И холодеет сердце восторженного ровесника Октября. Там, в кабинке барака, они сшибаются и спорят с художником-стариком (до Юрия трудно доходит, Юрий сопротивляется, а старик вскрывает за слоем слой). Что это? — Сталин? Но не много ли списывать всё на Сталина, на его коротенькие ручки? Тот, кто делает вывод до половины — не делает его вовсе. А — остальные? Там, около Сталина и ниже, и повсюду по Родине — в общем те, которым Родина разрешила говорить от себя?
И кбк правильно быть, если мать продала нас цыганам, нет, хуже — бросила собакам? Разве она остаётся нам матерью? Если жена пошла по притонам — разве мы связаны с ней верностью? Родина, изменившая своим солдатам — разве это Родина?
Как обернулось всё для Юрия! Он восхищался отцом — и вот проклял его! Он впервые задумался, что ведь отец его по сути изменил присяге той армии, в которой вырос, — изменил, чтоб устанавливать вот этот порядок, теперь предавший своих солдат. И почему же с этим предательским порядком связан присягою Юрий?
Когда весной 1943 в лагерь приехали вербовщики от первых белорусских «легионов» — кто-то шёл, чтобы спастись от голода, Евтухович пошёл с твёрдостью, с ясностью. Но в легионе он не задержался: кожу сняли — так не по шерсти тужить. Юрий перестал теперь скрывать хорошее знание немецкого, и вскоре некий шеф, немец из-под Касселя, получивший назначение создать шпионскую школу с ускоренным военным выпуском, взял Юрия к себе правой рукой. Так началось сползание, которого Юрий не предвидел, началась подмена. Юрий пылал освобождать родину, его засовывали готовить шпионов — у немцев планы свои. А где была грань?… С какого момента нельзя было переступать? Юрий стал лейтенантом немецкой армии. В немецкой форме он ездил теперь по Германии, бывал в Берлине, посещал русских эмигрантов, читал недоступных прежде Бунина, Набокова, Алданова… Юрий ждал, что у всех у них, что у Бунина — каждая страница истекает живыми ранами России. Но что с ними? На что растратили они неоценимую свободу? Опять о женском теле, о взрыве страсти, о закатах, о красоте дворянских головок, об анекдотах запылённых лет. Они писали так, будто никакой революции в России не бывало или слишком уж недоступно им её объяснить. Они оставляли русским юношам искать азимут жизни. Так метался Юрий, спешил видеть, спешил знать, а между тем по исконной русской манере всё чаще и всё глубже окунал своё смятение в спиртное.
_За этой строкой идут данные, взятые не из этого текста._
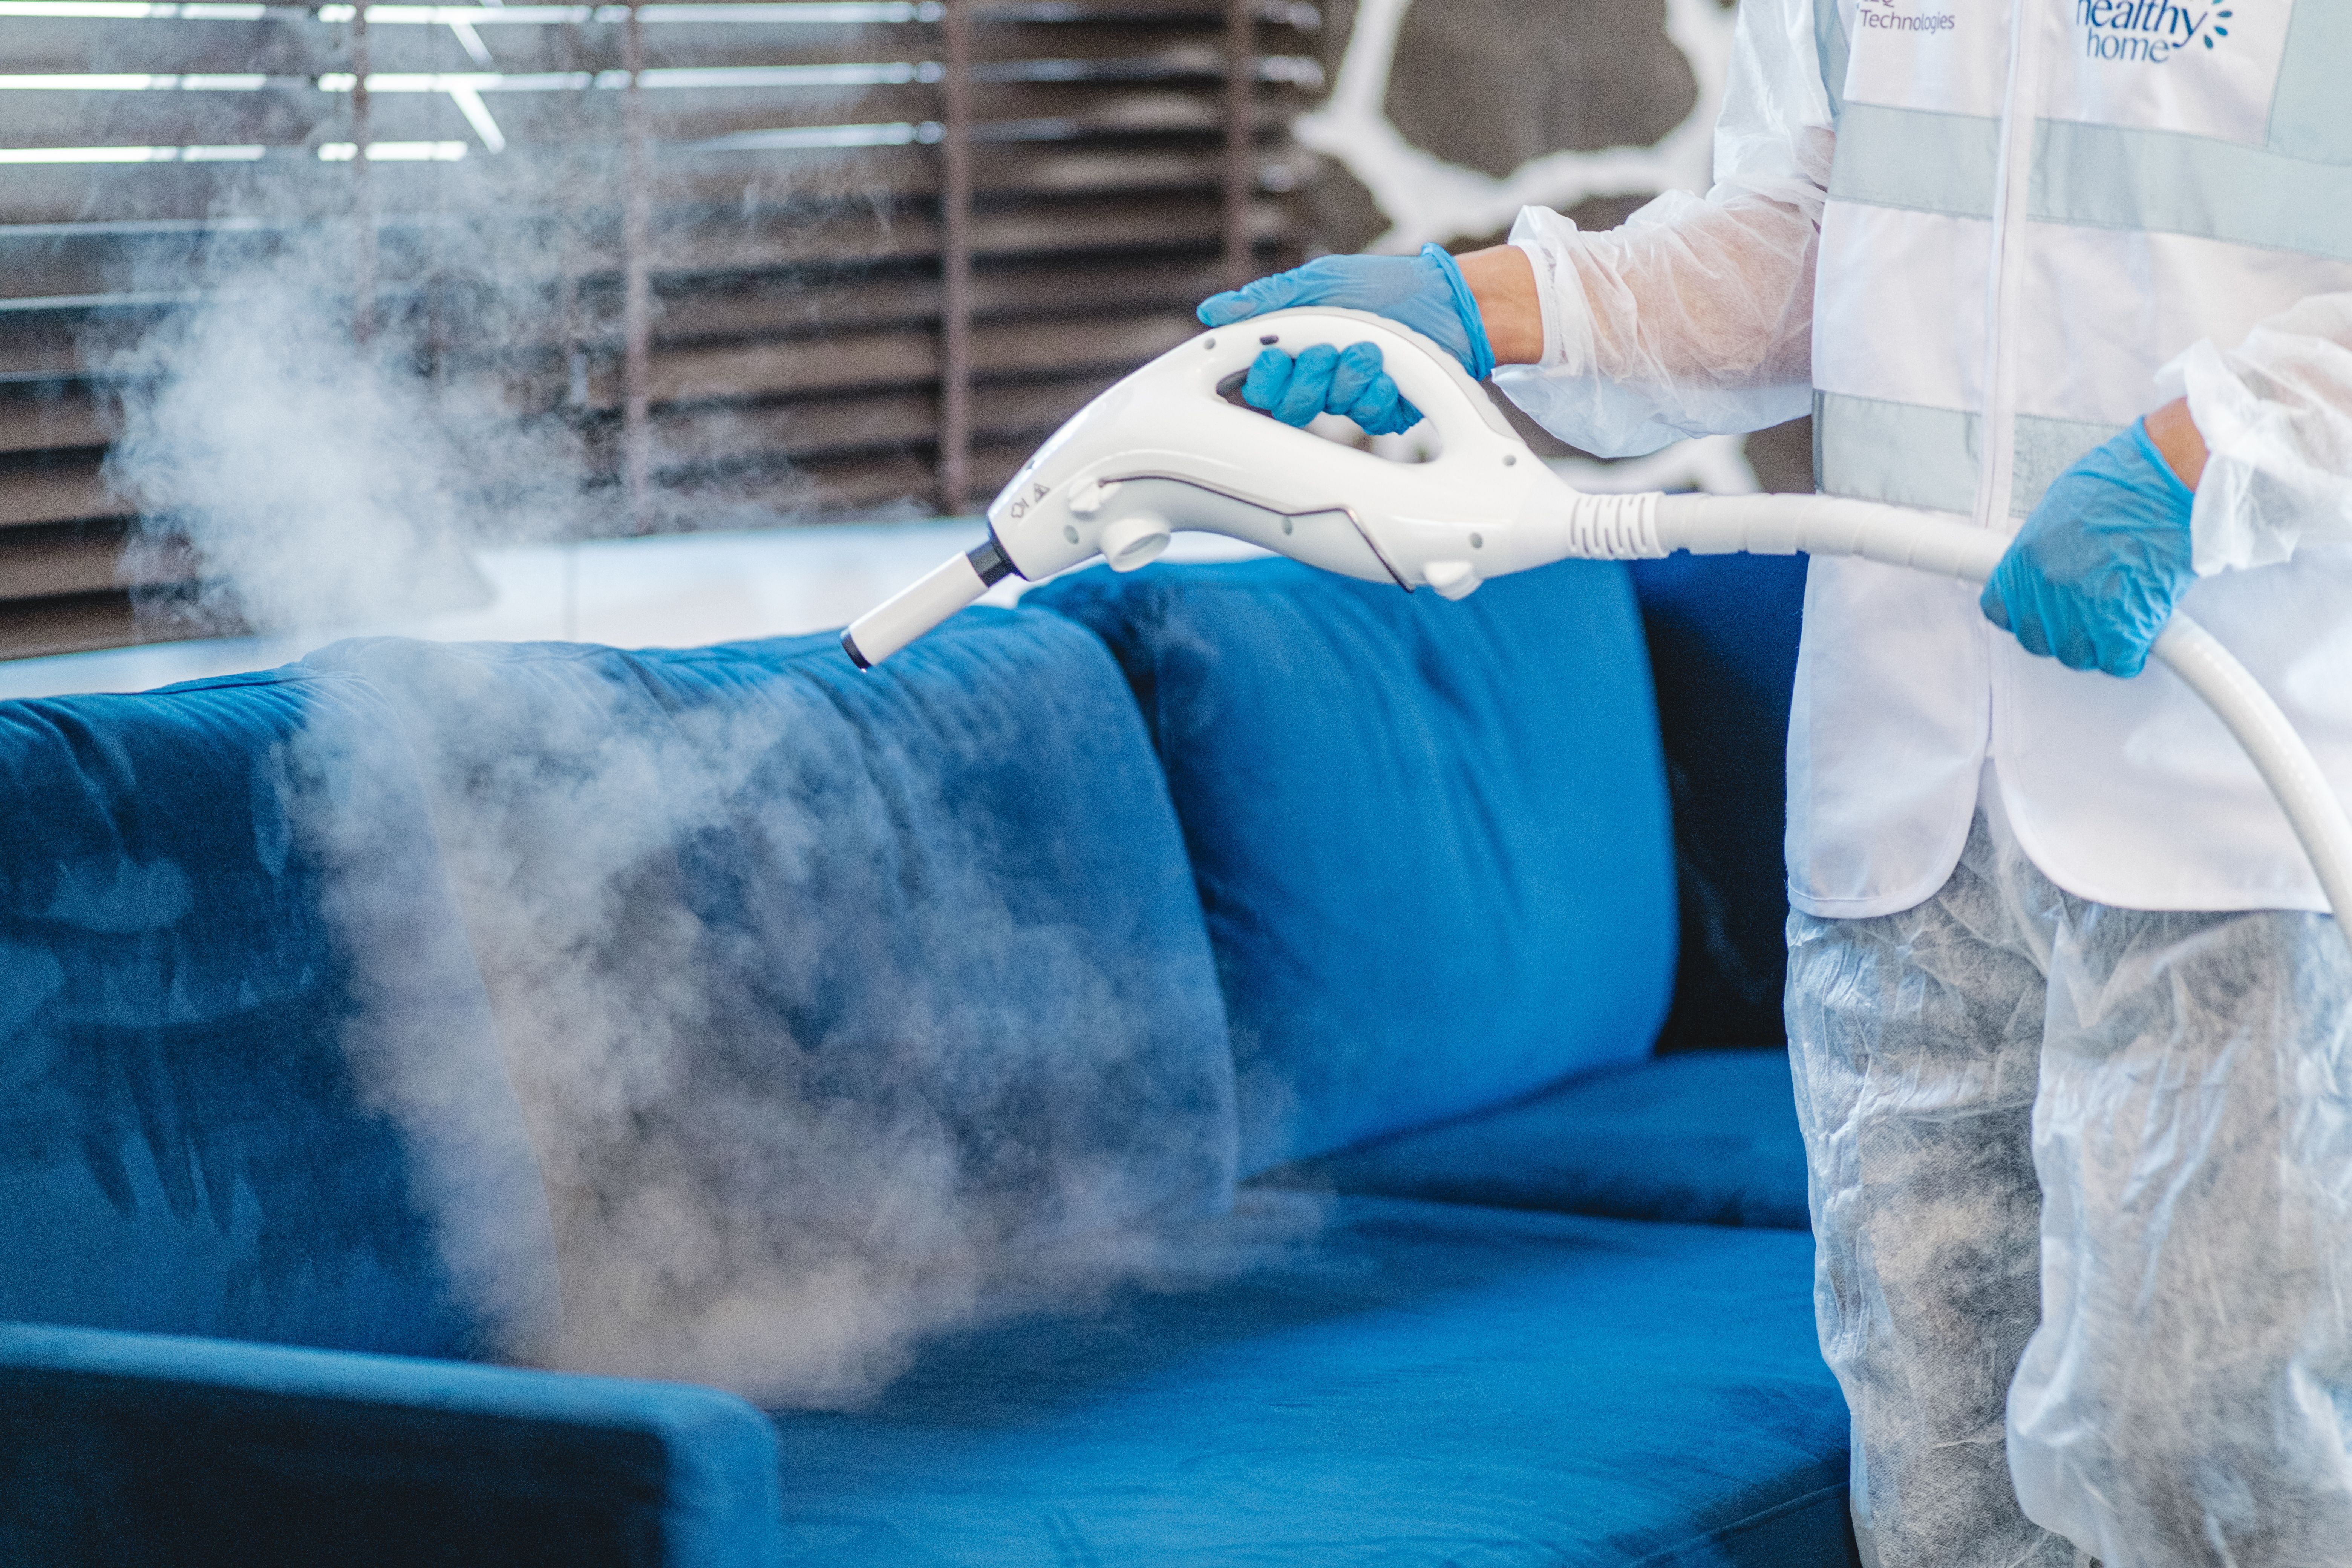 Sofa Cleaning and disinfection services by The Healthy Home

Что такое была их шпионская школа? Совсем не настоящая, конечно. За шесть месяцев их могли научить только владеть парашютом, взрывным делом да рацией. В них и не очень-то верили. Их забрасывали для инфляции доверия. А для умирающих, безнадёжно брошенных русских военнопленных эти школки, по мнению Юрия, были хороший выход: ребята здесь отъедались, одевались в тёплое, новое, да ещё все карманы набивали им советскими деньгами. Ученики (как и учителя) делали вид, что так всё и будет, что в советском тылу они будут шпионить, подрывать назначенные объекты, связываться радиокодом, возвращаться назад. А они через эту школу просто улетали от смерти и плена, они хотели остаться жить, но не ценой того, чтобы стрелять в своих на фронте.